(Records from a dataset)
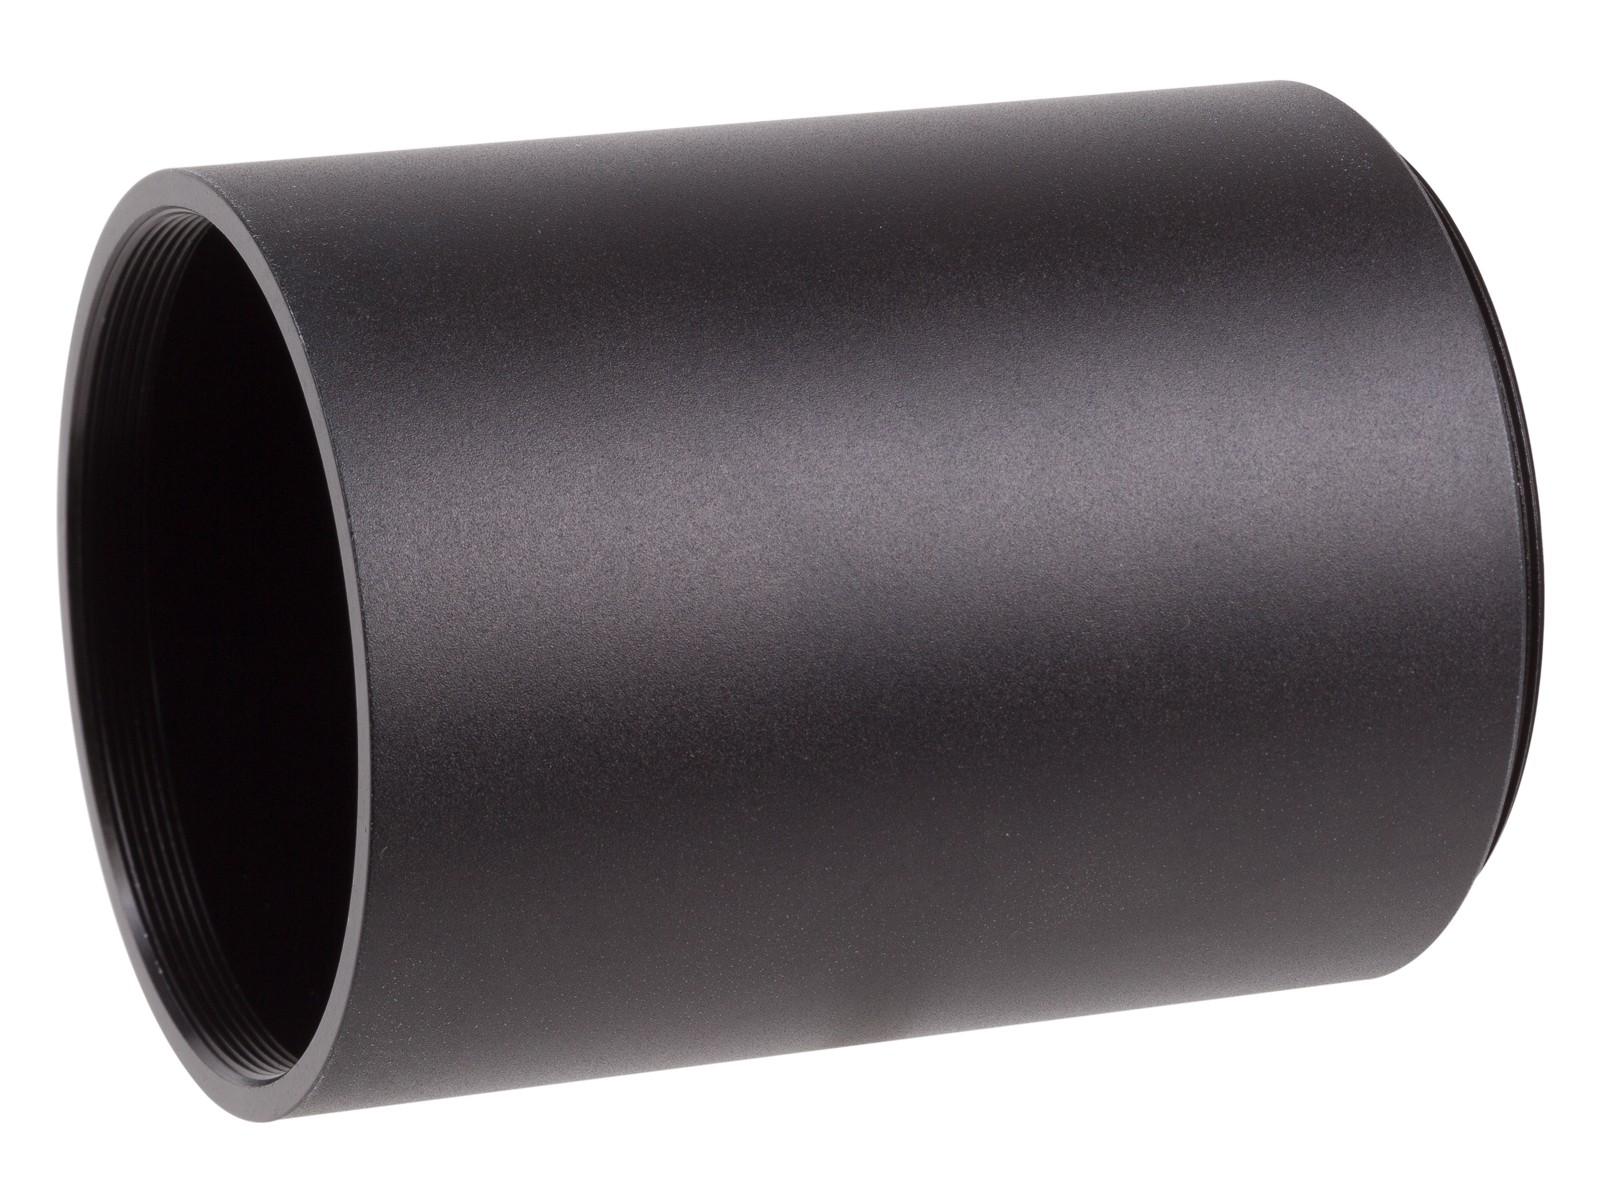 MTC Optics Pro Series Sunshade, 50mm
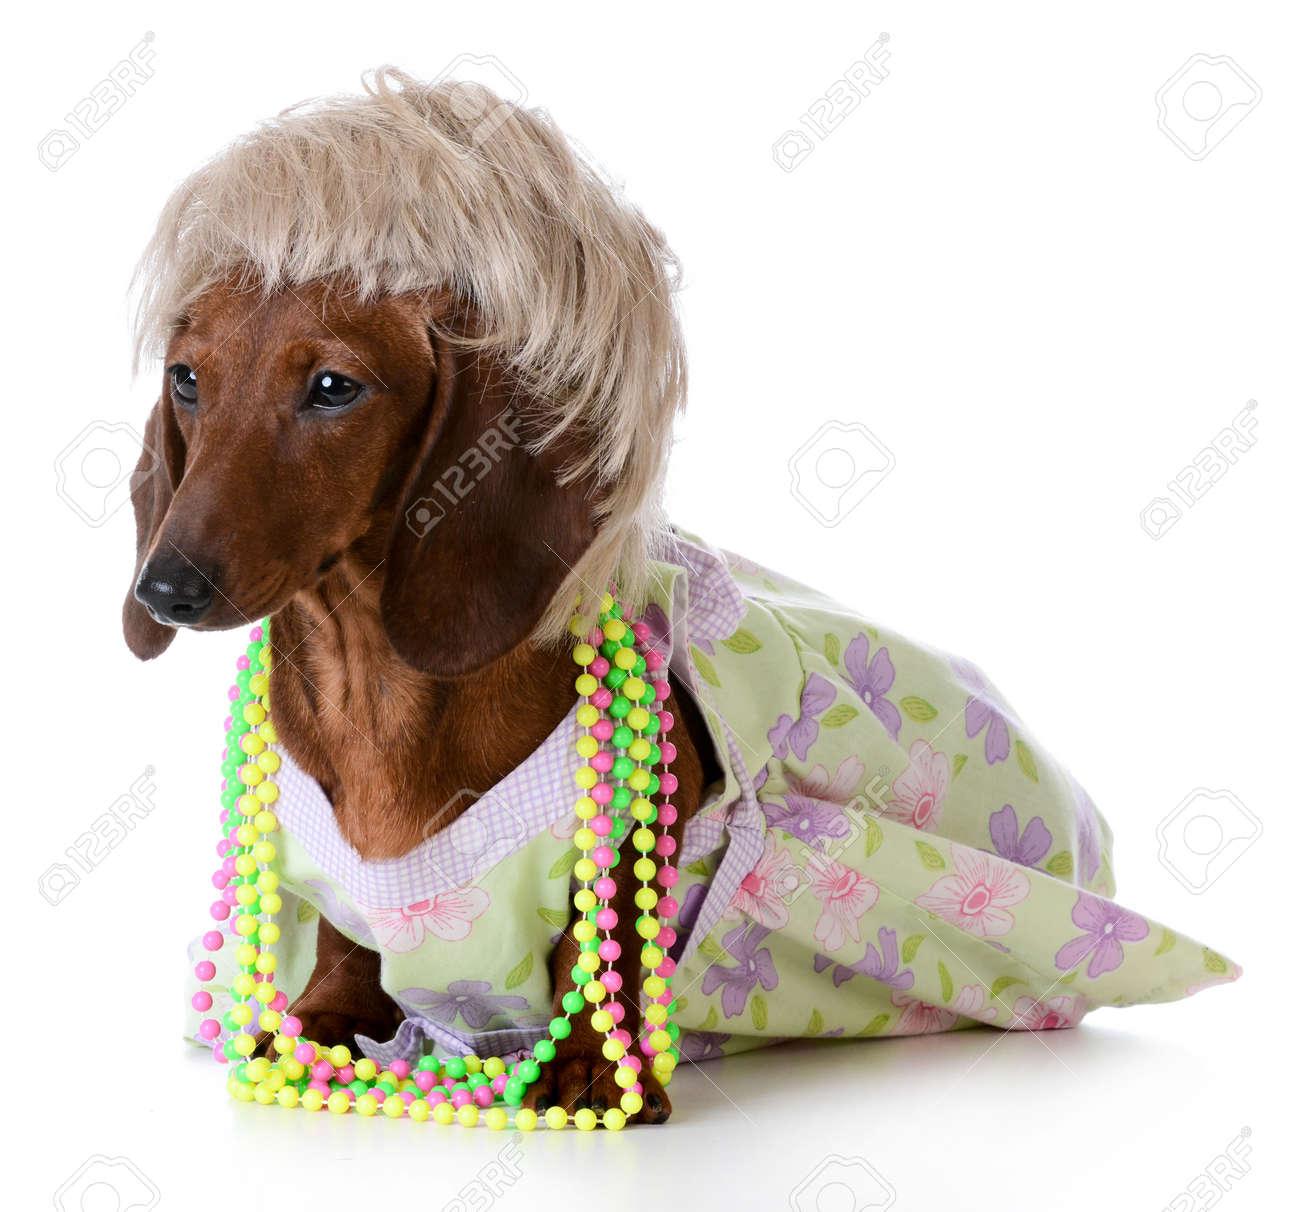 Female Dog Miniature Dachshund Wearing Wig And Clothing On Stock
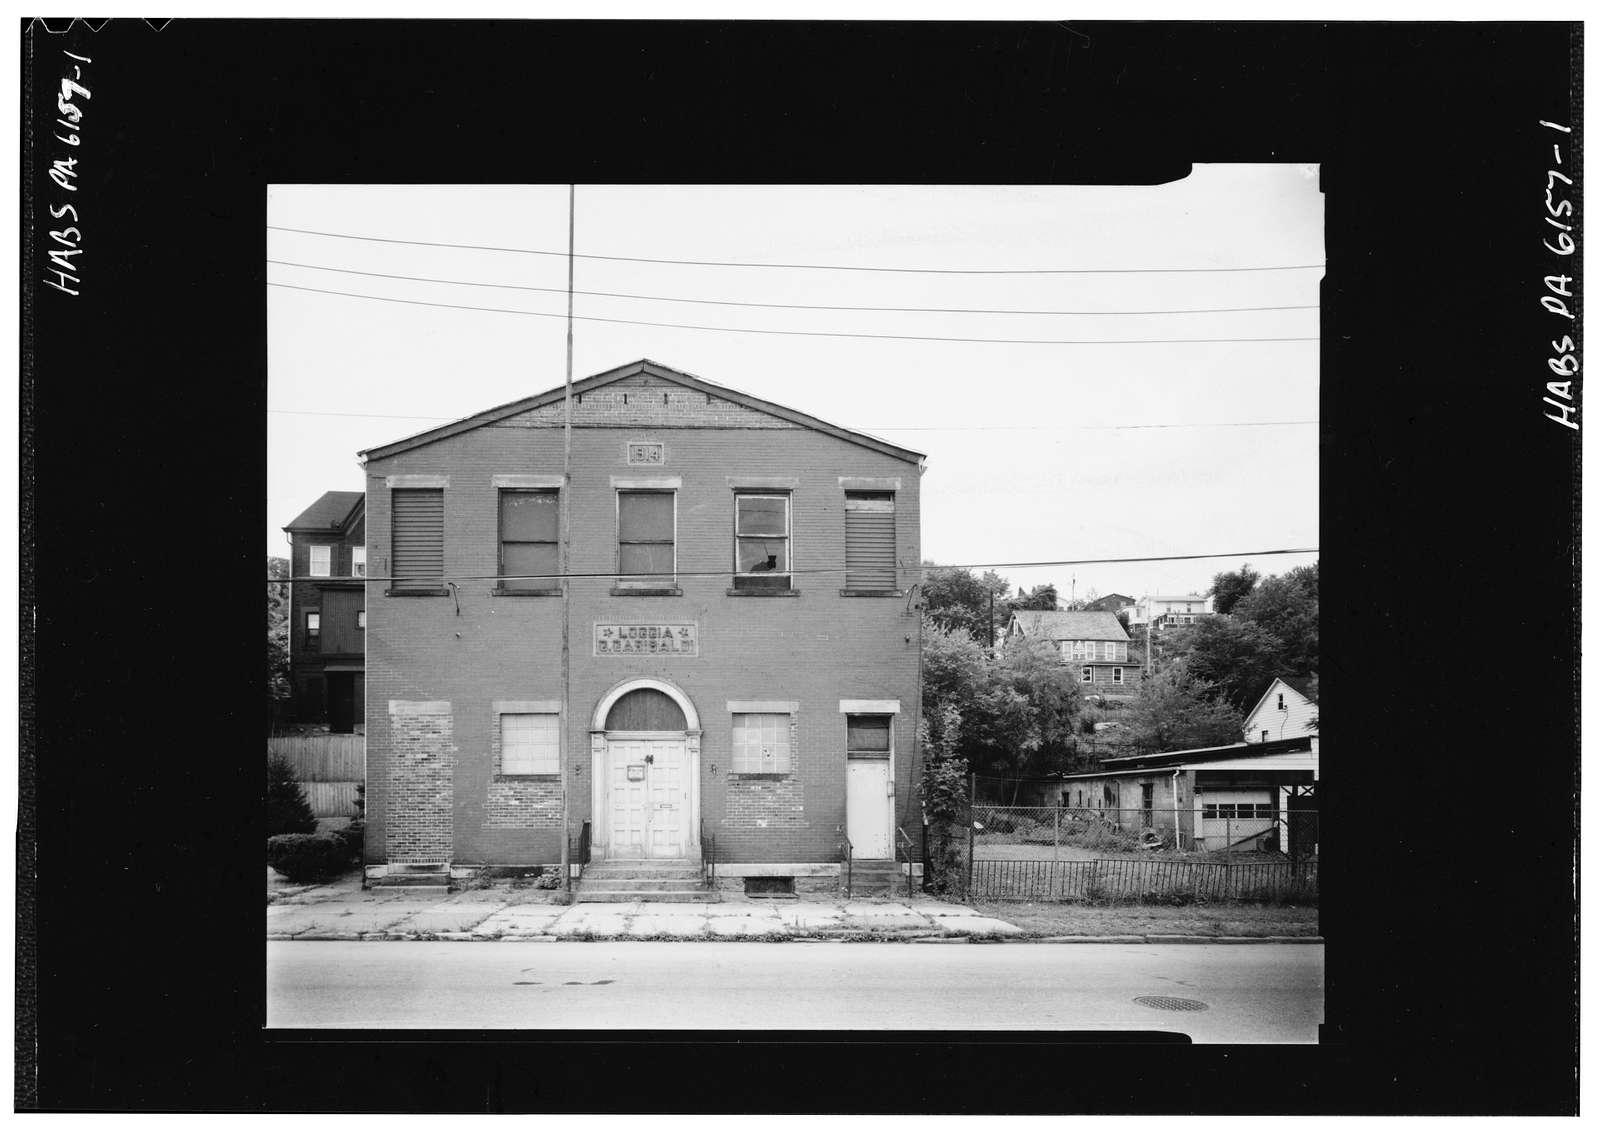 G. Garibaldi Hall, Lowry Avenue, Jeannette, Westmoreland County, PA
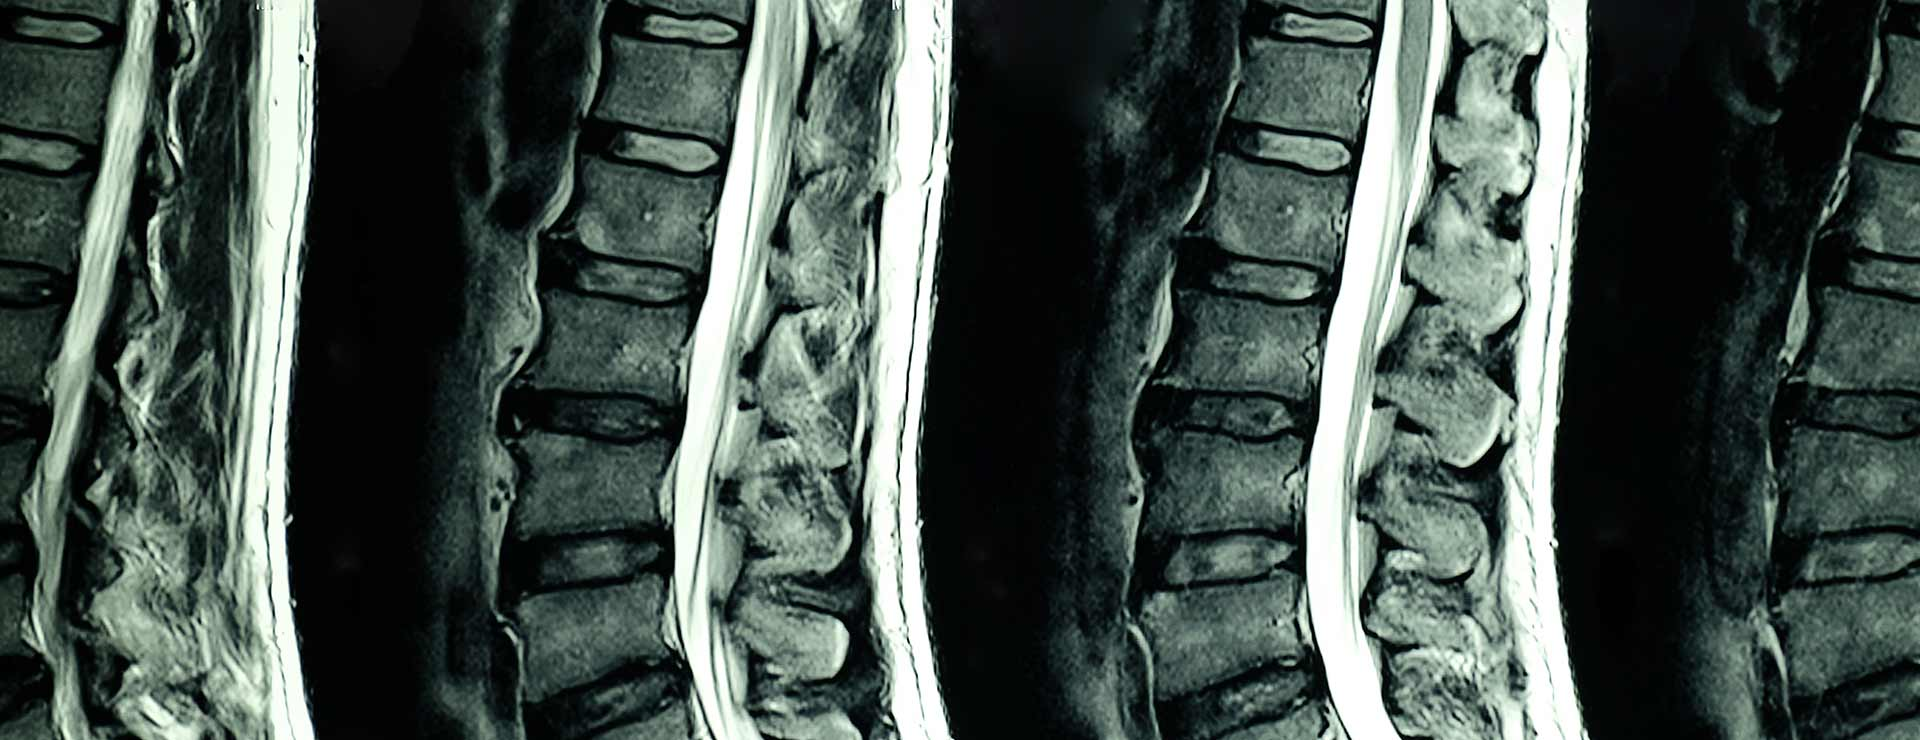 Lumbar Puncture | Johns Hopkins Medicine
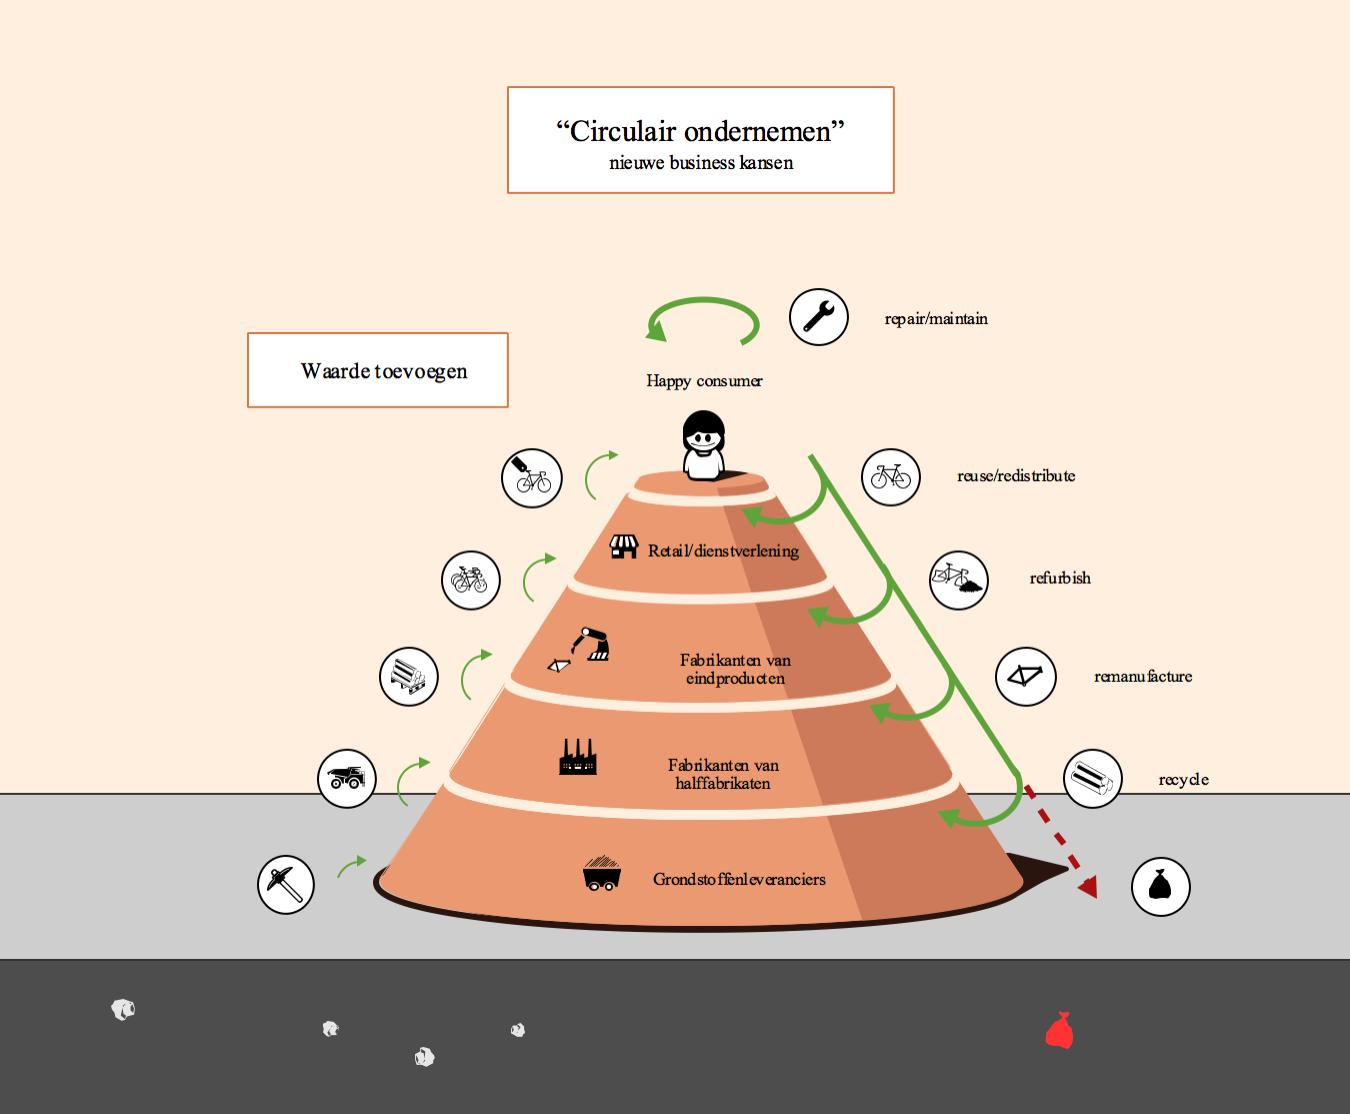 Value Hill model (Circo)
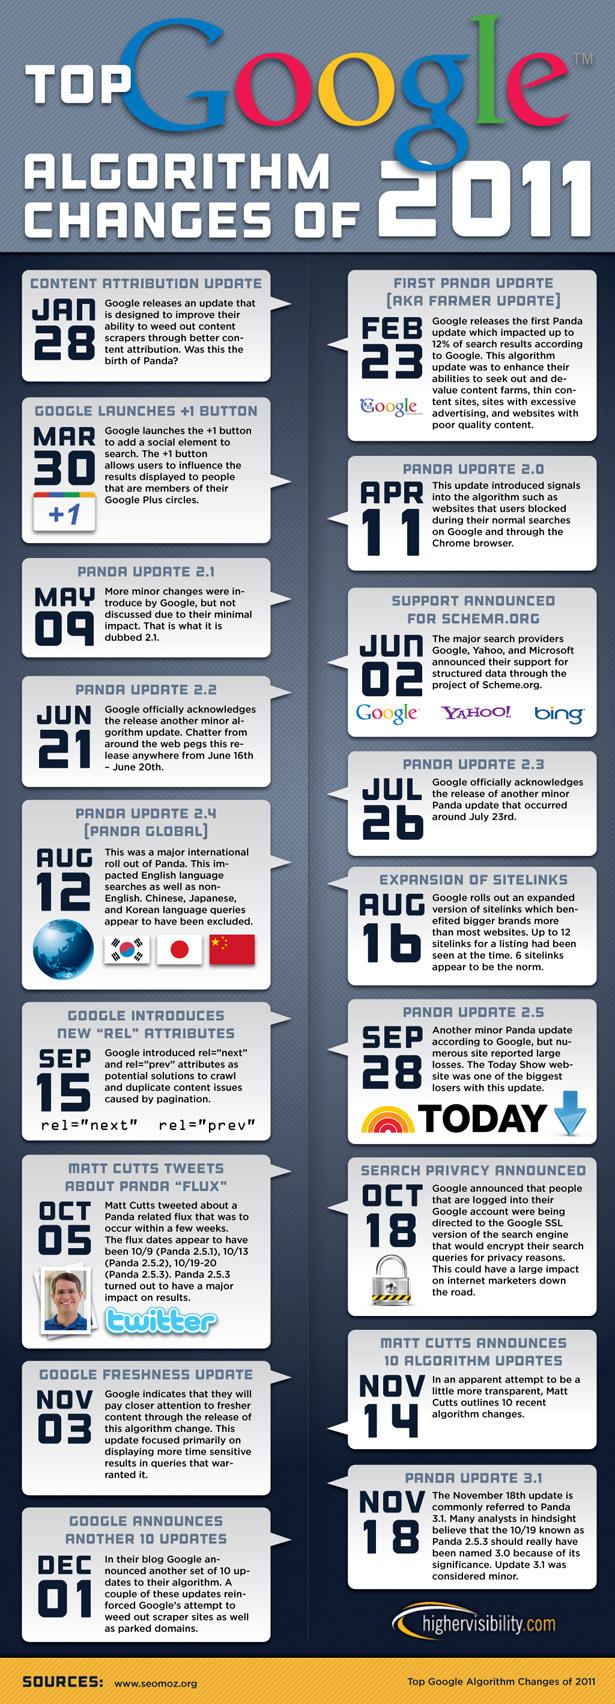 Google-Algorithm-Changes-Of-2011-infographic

◆ **DESCRIPTION OF THE TASK**
Every entry above needs to be copied exactly, and no pictures go with it.

◆ **RESPONSE BOX**
 MTC Optics Pro Series Sunshade, 50mm
 Female Dog Miniature Dachshund Wearing Wig And Clothing On Stock
 G. Garibaldi Hall, Lowry Avenue, Jeannette, Westmoreland County, PA
 Lumbar Puncture | Johns Hopkins Medicine
 Value Hill model (Circo)
 Google-Algorithm-Changes-Of-2011-infographic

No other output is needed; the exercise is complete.